Although the pearl like the lining of the mollusk's shell is composed of carbonate of lime in series of thin waves lapping each other, each series constituting a plate or separable layer, there is a distinct difference in construction.

Whereas the lining is a series of horizontal layers, the pearl is made up of concentric layers, each addition enveloping those preceding it. These skins however are not always absolutely distinct and separate. Instead of being like a succession of globular skins, each completely covered by its successor, the growth is often spiral and the construction is as if the nucleus had been rolled one, two, or three complete revolutions in a continuous plate of nacre, and the spiral envelope then finally merged into another plate and the process repeated. That which to a casual glance, therefore, appears to be six rings of nacre in a sectional cut, is in reality, several spirals of two or three turns each.

It is also noticeable that whereas the wave edges, with all their eccentricities, trend generally in one direction in the shell nacre, in the pearl, the lines twist and curl with a concentric tendency, as though the waves had been laid on by turning or rolling the pearl in the material of which it is composed.

A white pearl on being cut in half shows a number of faint dark rings one within the other, from the surface to the nucleus in the centre; usually these rings occur at almost regular intervals. Upon close examination under the microscope, it will be seen that the inner part of these intervals is white, and that the color gradually changes to a yellowish tint which deepens until it culminates in that which appears as a dark line against the succeeding outer formation, the material of which is also white in the beginning. Although this change of color is very slight, a section between two rings will often show three distinct bands; the inner white, the centre one faintly yellow and the outer one of a deeper tint. In some cases the dark concentric rings succeed each other very closely, in which case no abrupt changes of color between them are noticeable. The material occupying the space between the rings is the sectional appearance of the skin of pearl. Upon applying a weak acid to the surface of an entire section of a pearl, it effervesces, and the inner colorless parts of the bands are at once attacked. After several hours the white inner part of the skins will show depressions where the calcium carbonate has been dissolved, and the outer parts of the skins will be marked by coarse black rings of undissolved animal tissue, similar in appearance to the epidermis of the shell. Now as these skins are made up of many very thin waves of calcium carbonate lapping each other and set in animal tissue, it would appear, therefore, that in the beginning these waves of transparent calcium carbonate are set in animal tissue of extreme tenuity and that the proportion of animal tissue increases with the growth of the skin until it reaches a stage provocative of a new skin, which begins with purer layers of the smoother crystallized mineral like its predecessor, and identical with the nacre of the shell. If this be so, it would account for the various tints of color and degrees of luster in white pearls and for the fact that the outer skins of very lustrous pearls are usually very thin also. Similar conditions exist in colored pearls, though the presence of a pigment makes them less noticeable. The skins of the haliotis pearl, which separate easily, usually show remarkable luster on the inner surface.

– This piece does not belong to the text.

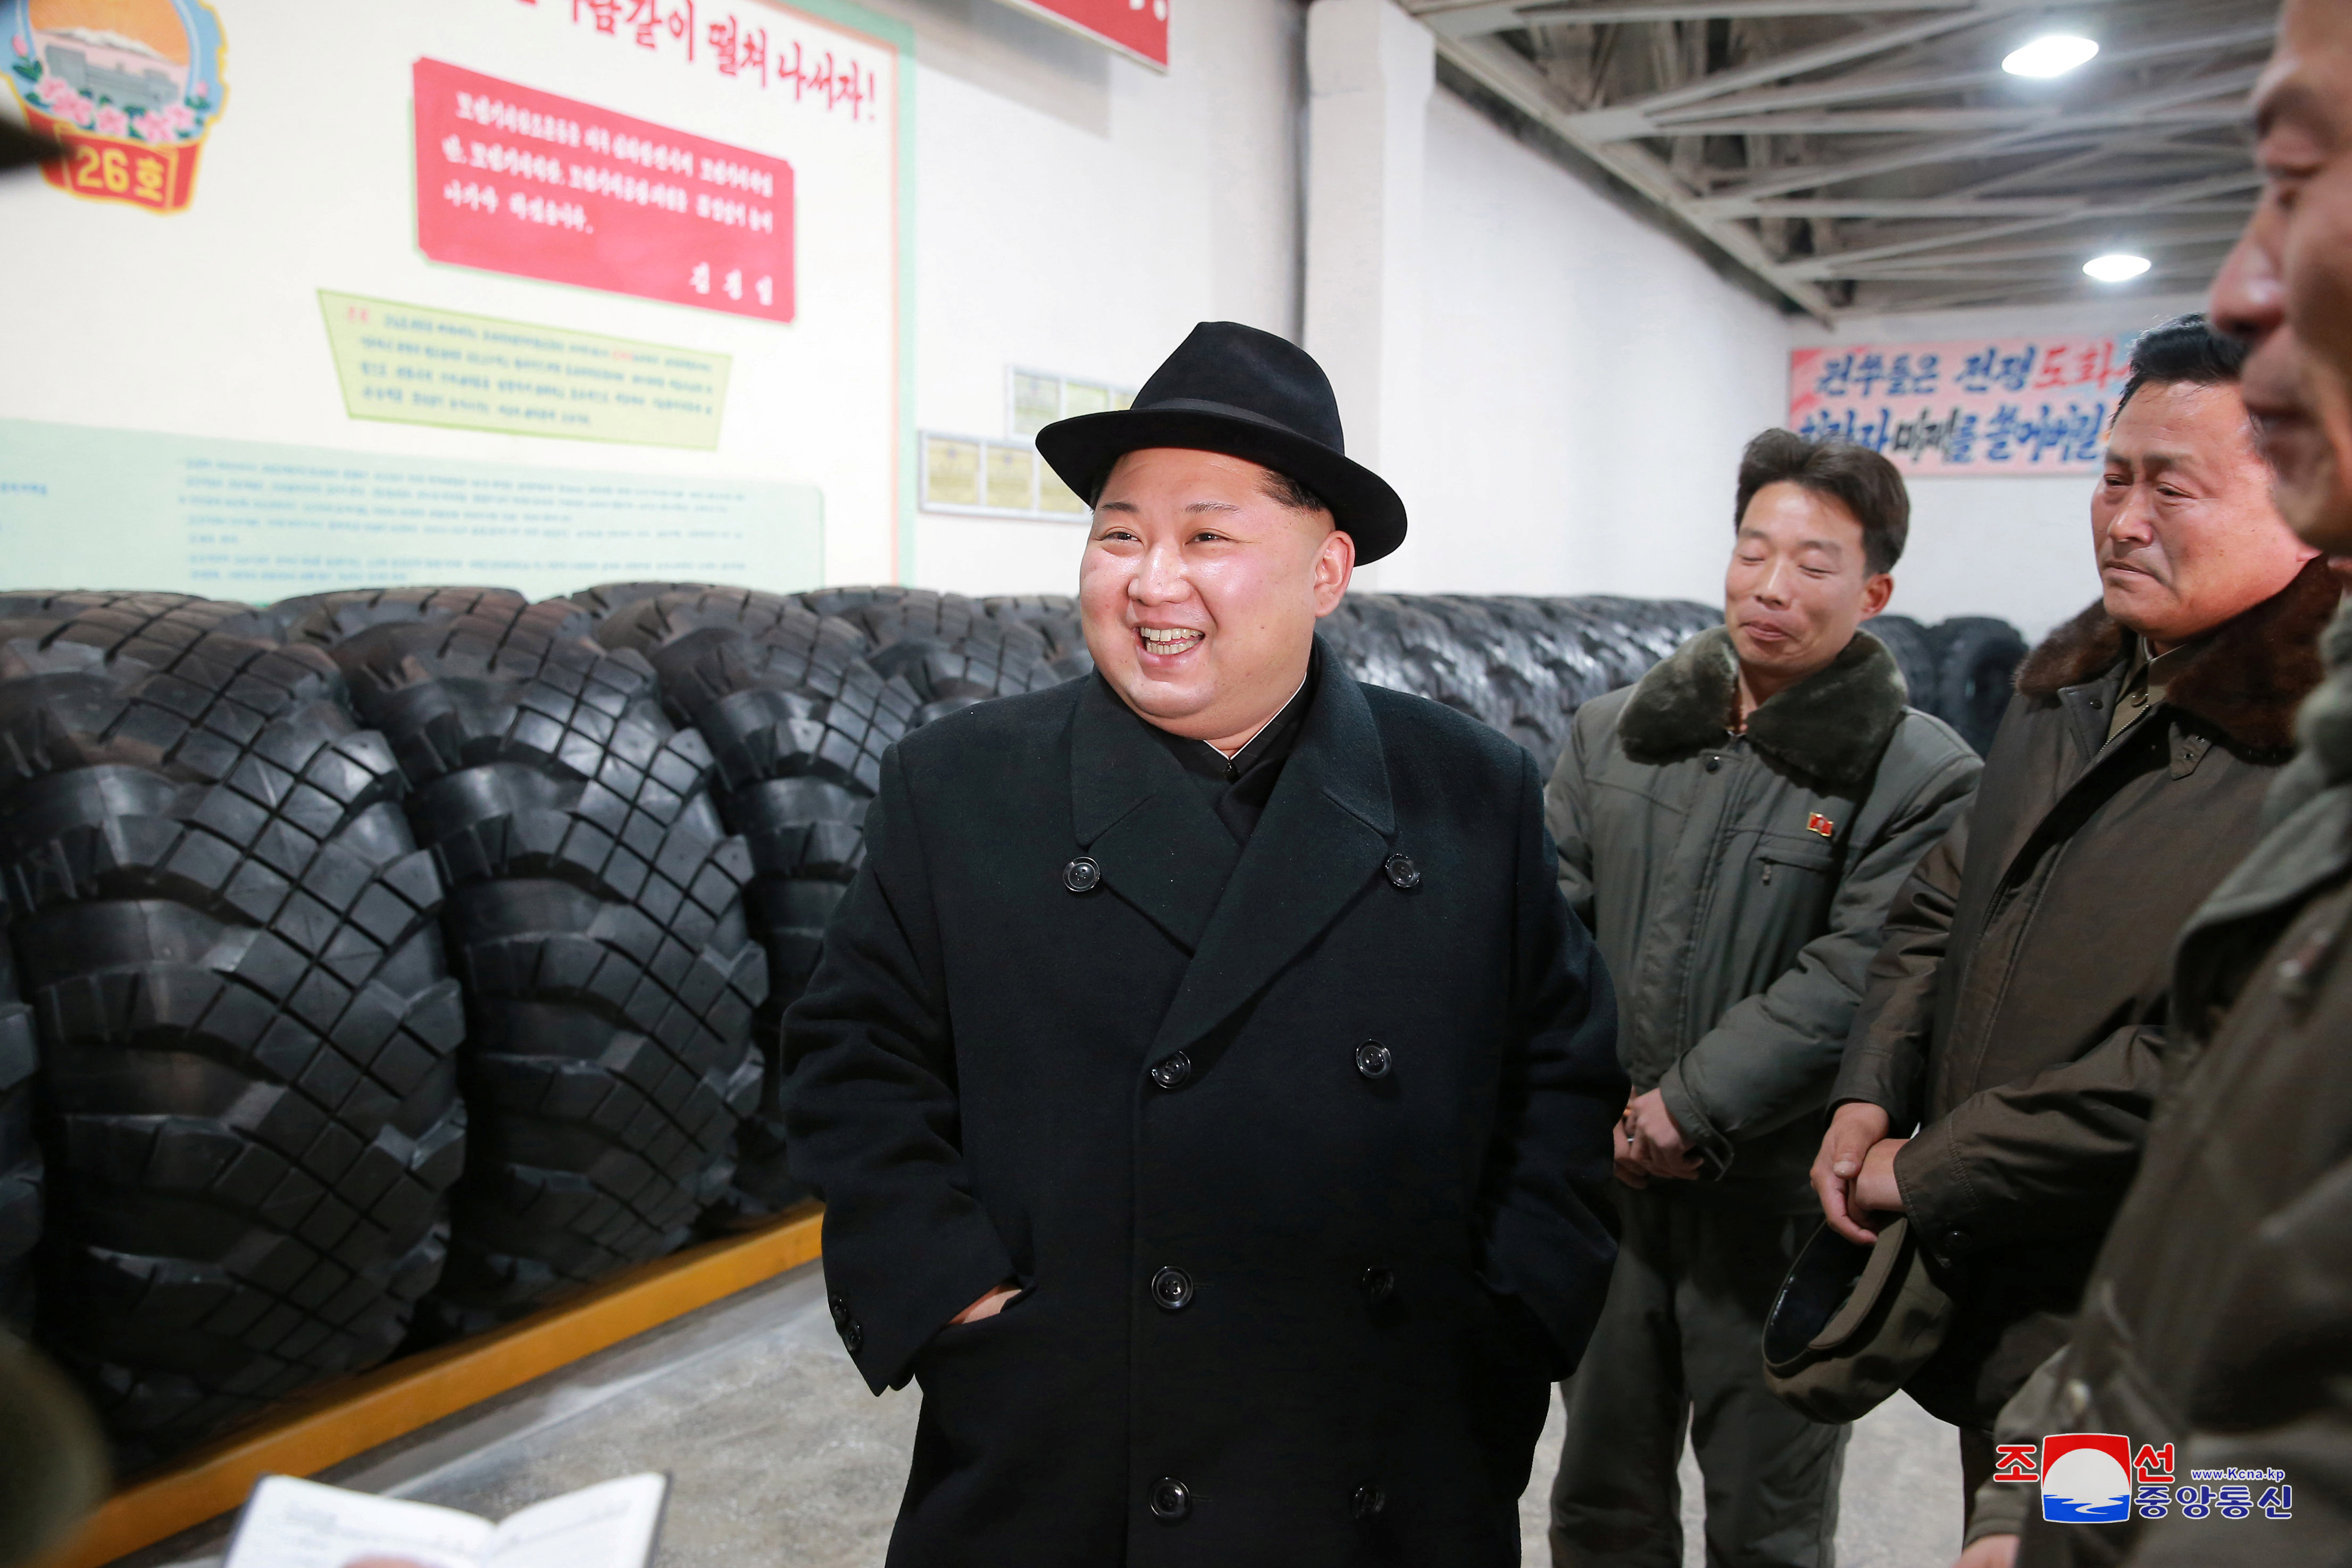 زعيم كوريا الشمالية يزور مصنع تصنيع إطارات

Sometimes the nucleus is surrounded by a confused mass without apparent concentric markings, as though it had been enveloped in nacre which had solidified while stationary, or the first deposit shows the concentric skin arrangement at one segment of the circle only; followed by layers which appear in the depressions of the mass and are continued until they finally include the whole pearl. These layers are usually very thin, and the partial or segmentary layer formation is quite common in the early stages of the pearl's growth. At that period the concentric lines are also irregular, and in many cases where the curve is true, they extend about one quarter of the circumference only, another concentric skin being lapped on the ends, as though the globular skin had been formed in sections.

As before stated, it often happens that the skin division lines are spiral, as though the nucleus had been rolled one way in the nacreous material. In all cases the first deposits of a skin, that is the first of the nacreous waves of which a skin is composed, appear to be most transparent and lustrous. The component waves of nacre then gradually become more impregnated with animal tissue until they apparently reach a stage which induces either a rest on the part of the fish, to gather nacreous material, or a new deposit of less impure nacre, to protect itself from the increasing impurity of the pearl's skin.

The skins undoubtedly mark certain stages in the formation of the pearl, though the skin and the nacreous waves of which it is composed are often confounded. In the skinning of pearls an entire skin is seldom peeled off. The surface is scraped, a number of the component waves being taken off, until the luster is improved and it is then supposed that the entire outer skin has been removed. A close examination however, will show, by breakages in the surface of the waves, that the under skin with its peculiar and systematic arrangement of surface wave edges, has not been reached.

A sectional view as seen in a half pearl would lead one to infer that a free pearl in the beginning lies stationary in the oyster; is turned or partially rolled as it grows larger; and finally, on attaining about a one grain size, is kept in constant motion with a concentric rolling in the nacreous exudations of the mantle which are deposited upon it.